January is a month filled with good intentions, as people greet the New Year with resolutions to achieve over the next 12 months.
These inevitably take various forms, as we imagine the things we might like to change or improve. Most likely because we’re all still stuffed full of good food, good drink and good cheer, New Year’s resolutions tend to revolve around the desire to get out, be more active and get in better shape.
However, in Scotland and Canada, we’re faced with a similar problem at this time of year, in the form of a bitterly cold winter. Even the strongest desire can be tested by a freezing January morning and this dilemma is also at the heart of January’s Canada 150 profile. James Naismith is the inventor of basketball, a game borne out of a need to keep his athletes fit during cold winters. Its popularity sky-rocketed overnight and has since grown into one of the most popular sports in the world.
Naismith was born in 1861 in Ontario, the eldest son of Scottish immigrants. His upbringing wasn’t easy; both parents died within three weeks of each other, leaving him orphaned aged nine. He also struggled in school, dropping out of high school twice. However, what he lacked in academic ability, Naismith more than made up for with his athleticism. His free time was spent outdoors and it was one of his favourite games that would eventually play a massive role in his later fame.
‘Duck on a Rock’ is a medieval game where players throw stones at a large flat target in order to make it fall over. While playing, Naismith discovered that hard, straight throws were not doing a very good job. Instead he adopted a lob-type shot, which proved to be to be far more effective. It was this discovery that proved essential for his invention of basketball many years later.
Naismith’s passion for education finally caught up with his love of sport and he went on to study physical education at McGill University. He represented McGill in several disciplines during his studies including rugby, soccer, lacrosse and Canadian football. After achieving his degree, Naismith then joined McGill’s staff, where he taught physical education. He also had the honour of becoming the McGill’s first Director of Athletics.
At 30 years old, Naismith accepted a position at the Y.M.C.A. in Springfield, Massachusetts – a move that would change his life forever. His first challenge was to find a way to keep his students active during the winter. However, a strict set of guidelines meant his creation had to be played within the small confines of the gym and could not be too physical in nature, to ensure the elite athletes weren’t injured.
After searching for inspiration in the most popular sports of the day, Naismith settled on the basis of his new game. The next morning he pinned the rules outside the Springfield gymnasium - it was January of 1892. The original rules for the game were completely different to the modern game. For example, the original set of rules consisted of less than 600 words, whereas the modern rulebook is made up of more than 30,000!

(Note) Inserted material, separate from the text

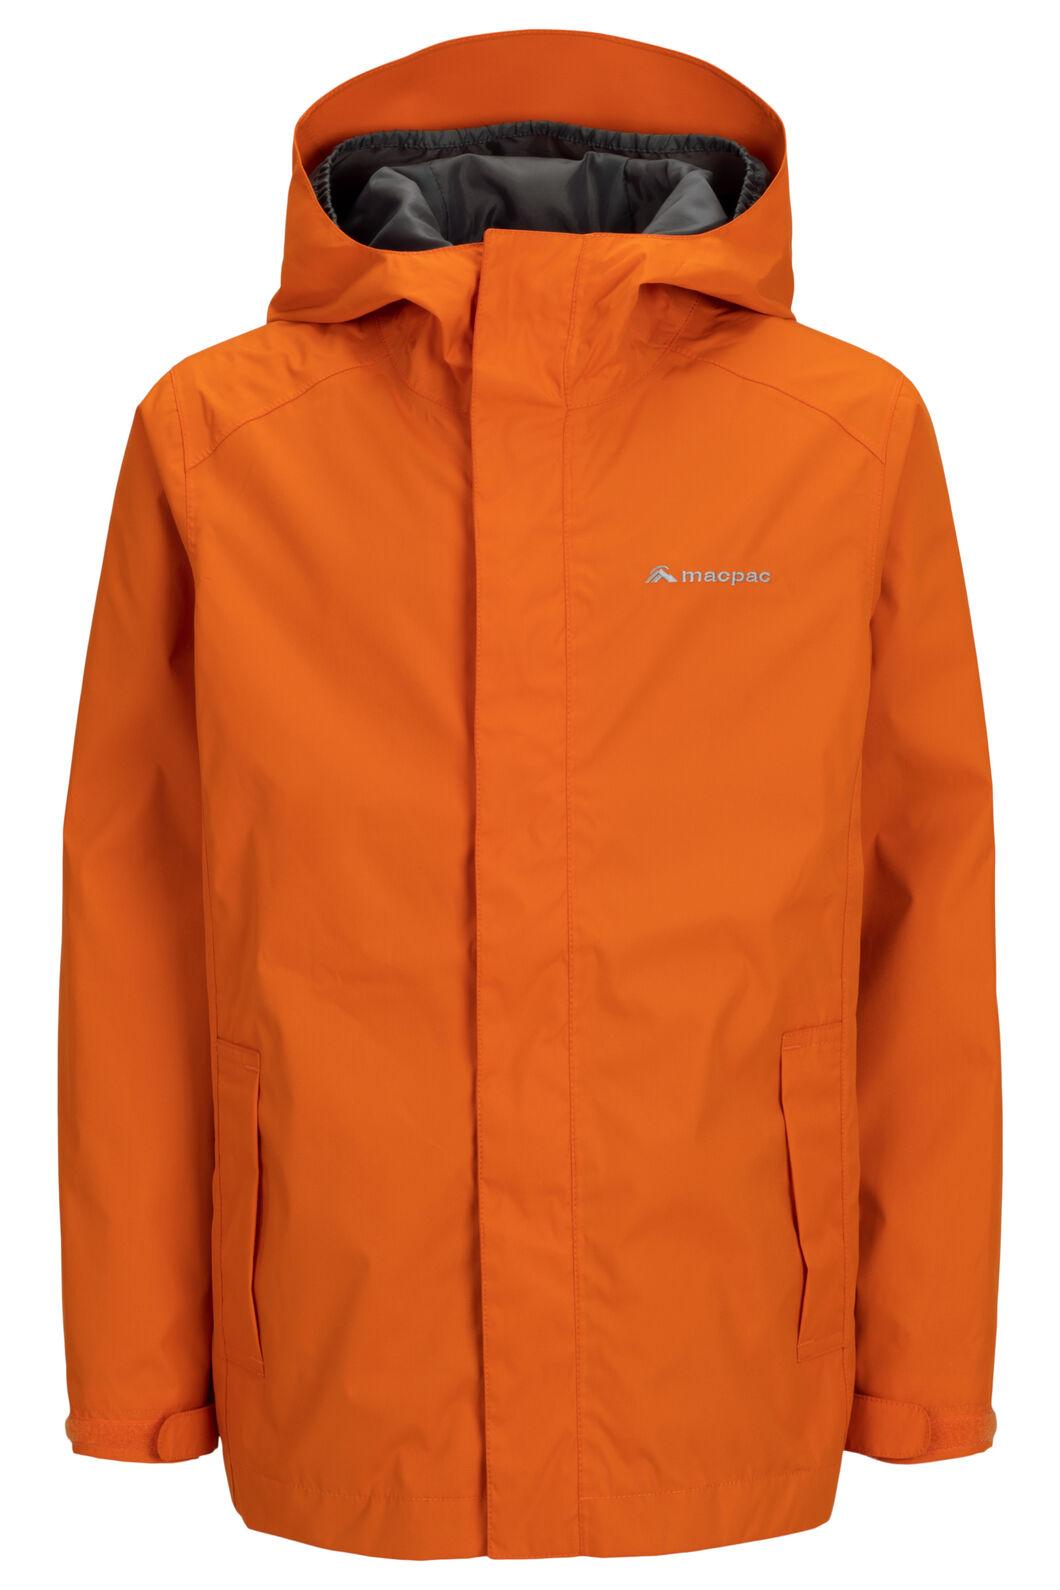 Macpac Kids' Jetstream Rain Jacket, Harvest Pumpkin, hi-res

No dribbling, no dunking and no three-pointers were just some of Naismith’s surprising original rules. Little did he know that these ‘violations’ would go on to be perhaps the most exciting elements of the modern game. As well as this, the basketball hoop was actually a peach basket, meaning that every time a point was scored someone had to climb up and retrieve the ball.
The first match ever played saw two teams of nine feel their way through Naismith’s unusual creation. The game surprisingly became an overnight success and within a year journalists were waxing lyrical about it. As its popularity continued to rise, many called for the game to be renamed ‘Naismith Ball’. Naismith, however, shied away from this idea, preferring the name he chose: ‘Basket Ball’.
Despite its humble origins and the relatively slow pace of the game, this new pastime continued its meteoric rise. The YMCA quickly began promoting it internationally and by 1894, basketball was being played in France, China, India and more than a dozen other countries around the world.
In 1895, Naismith moved to Denver to continue his studies, and the Y.M.C.A. quickly offered him a position there to allow him to continue developing the sport. Just three short years later, he received his doctorate and was on the move again. His next, and final stop, was Kansas, where he’d been offered the position of chapel director and physical education instructor.
At Kansas, Naismith created the first-ever college basketball programme. However, being the only college team, The Kansas Jayhawks were forced to play against Y.M.C.A. teams in those early years. Unfortunately despite inventing the sport, Naismith has the dubious honour of being the only coach in Kansas University history to hold a losing record (55 wins – 60 losses).
In 1904, 12 years after Naismith invented the game, Basketball was chosen as a demonstration sport for the Olympics. By 1936 it was selected as an official Olympic sport for the Games in Berlin. Today more than 400 million people play basketball, making it the world’s second-most popular sport. Despite the many changes that have been made to the sport, Naismith’s legacy remains intact. The NBA’s Hall of Fame is named in his honour, with the building constructed just a stone’s throw away from where the first game was played.